The launch that makes history
The mission, designated Starlink Group 17-24, is scheduled to lift off at 10:19 p.m. PDT from Space Launch Complex 4 East at Vandenberg Space Force Base in California. It will be the 17th orbital launch from Vandenberg so far in 2026 and the 615th flight of SpaceX’s Falcon 9 rocket — a workhorse of the modern space age that has redefined what reliable, reusable access to orbit looks like.
The 25 Starlink satellites aboard this mission are the ones that will carry SpaceX’s constellation past the 10,000 mark, a number that represents not just a corporate achievement but a fundamental transformation of the space environment above our planet. The Starlink network, designed to provide global broadband internet access including to remote and underserved communities, has grown from a bold idea into the largest satellite constellation ever assembled in human history.
A date that connects a century of space history
Monday night’s launch carries a historical footnote that gives the milestone an even deeper resonance. The liftoff coincides with the 100th anniversary of Robert Goddard’s launch of the first liquid-propelled rocket in 1926, a gasoline-fueled device that flew for just 2.5 seconds and reached an altitude of 41 feet. A century later, SpaceX’s kerosene-fueled Falcon 9 will carry 25 satellites into orbit and land its first stage booster on a drone ship in the Pacific Ocean, completing a round trip to space that Goddard could only have imagined standing in that Massachusetts field a hundred years ago.
The arc from that first fragile flight to 10,000 satellites orbiting the Earth is one of the most extraordinary stories in the history of human achievement, compressed into a single century.
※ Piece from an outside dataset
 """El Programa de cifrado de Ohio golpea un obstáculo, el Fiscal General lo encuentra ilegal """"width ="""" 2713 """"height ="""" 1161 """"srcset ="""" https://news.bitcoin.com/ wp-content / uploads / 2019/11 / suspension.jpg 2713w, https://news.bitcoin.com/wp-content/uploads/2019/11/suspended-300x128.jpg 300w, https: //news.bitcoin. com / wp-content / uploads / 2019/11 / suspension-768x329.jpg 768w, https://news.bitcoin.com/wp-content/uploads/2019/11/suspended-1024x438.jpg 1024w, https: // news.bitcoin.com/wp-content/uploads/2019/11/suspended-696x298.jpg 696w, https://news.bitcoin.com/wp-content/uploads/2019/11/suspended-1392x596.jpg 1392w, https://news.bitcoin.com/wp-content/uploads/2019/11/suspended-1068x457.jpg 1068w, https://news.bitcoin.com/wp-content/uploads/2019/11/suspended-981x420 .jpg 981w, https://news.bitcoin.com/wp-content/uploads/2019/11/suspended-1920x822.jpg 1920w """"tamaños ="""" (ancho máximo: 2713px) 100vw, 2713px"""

The rocket and the booster making it happen
SpaceX will fly the mission using Falcon 9 first stage booster B1088, which is making its 14th flight. The booster has previously supported missions including NASA’s SPHEREx telescope, the Transporter-12 rideshare mission, two classified missions for the National Reconnaissance Office, and nine previous Starlink deployments. Its reliability across those missions is a testament to SpaceX’s reusable rocket program, which has fundamentally changed the economics of reaching orbit.
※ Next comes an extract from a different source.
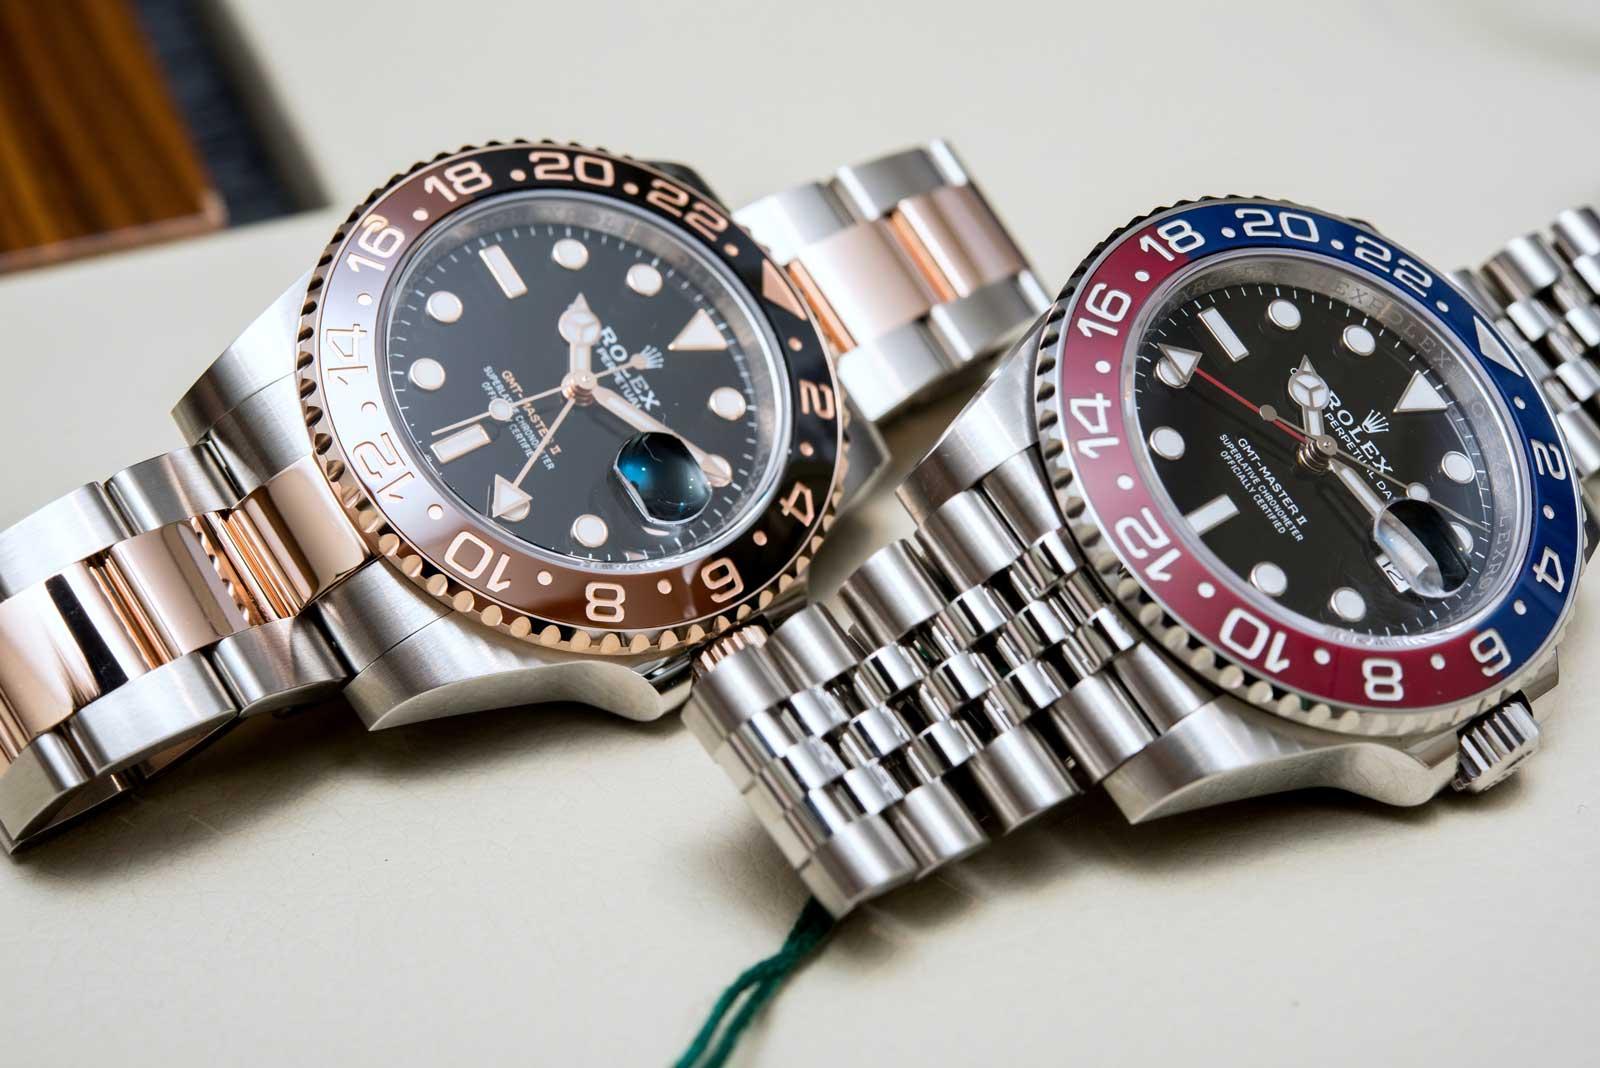 New Rolex Gmt Master Ii 126710blro News Timepieces Rolex

Approximately eight minutes after liftoff, B1088 will attempt to land on the drone ship named Of Course I Still Love You, stationed in the Pacific Ocean. If successful, it will mark the 184th landing on that vessel and SpaceX’s 586th booster landing overall — a number that still manages to feel remarkable no matter how routine these recoveries have become.
What 10,000 satellites actually means
The scale of what SpaceX has built above our heads in less than a decade is genuinely difficult to absorb. The Federal Communications Commission has already given SpaceX the green light to expand the Starlink constellation to 15,000 satellites, meaning Monday night’s historic threshold is not a ceiling but a waypoint on a trajectory that continues climbing. For the billions of people the network is designed to connect, that expansion represents the difference between having reliable internet access and being left behind in an increasingly digital world.
For the rest of us looking up at a clear night sky, it means the stars now share their space with something humanity built and put there on purpose 10,000 times over.
Liftoff is scheduled for 10:19 p.m. PDT Monday night from Vandenberg Space Force Base.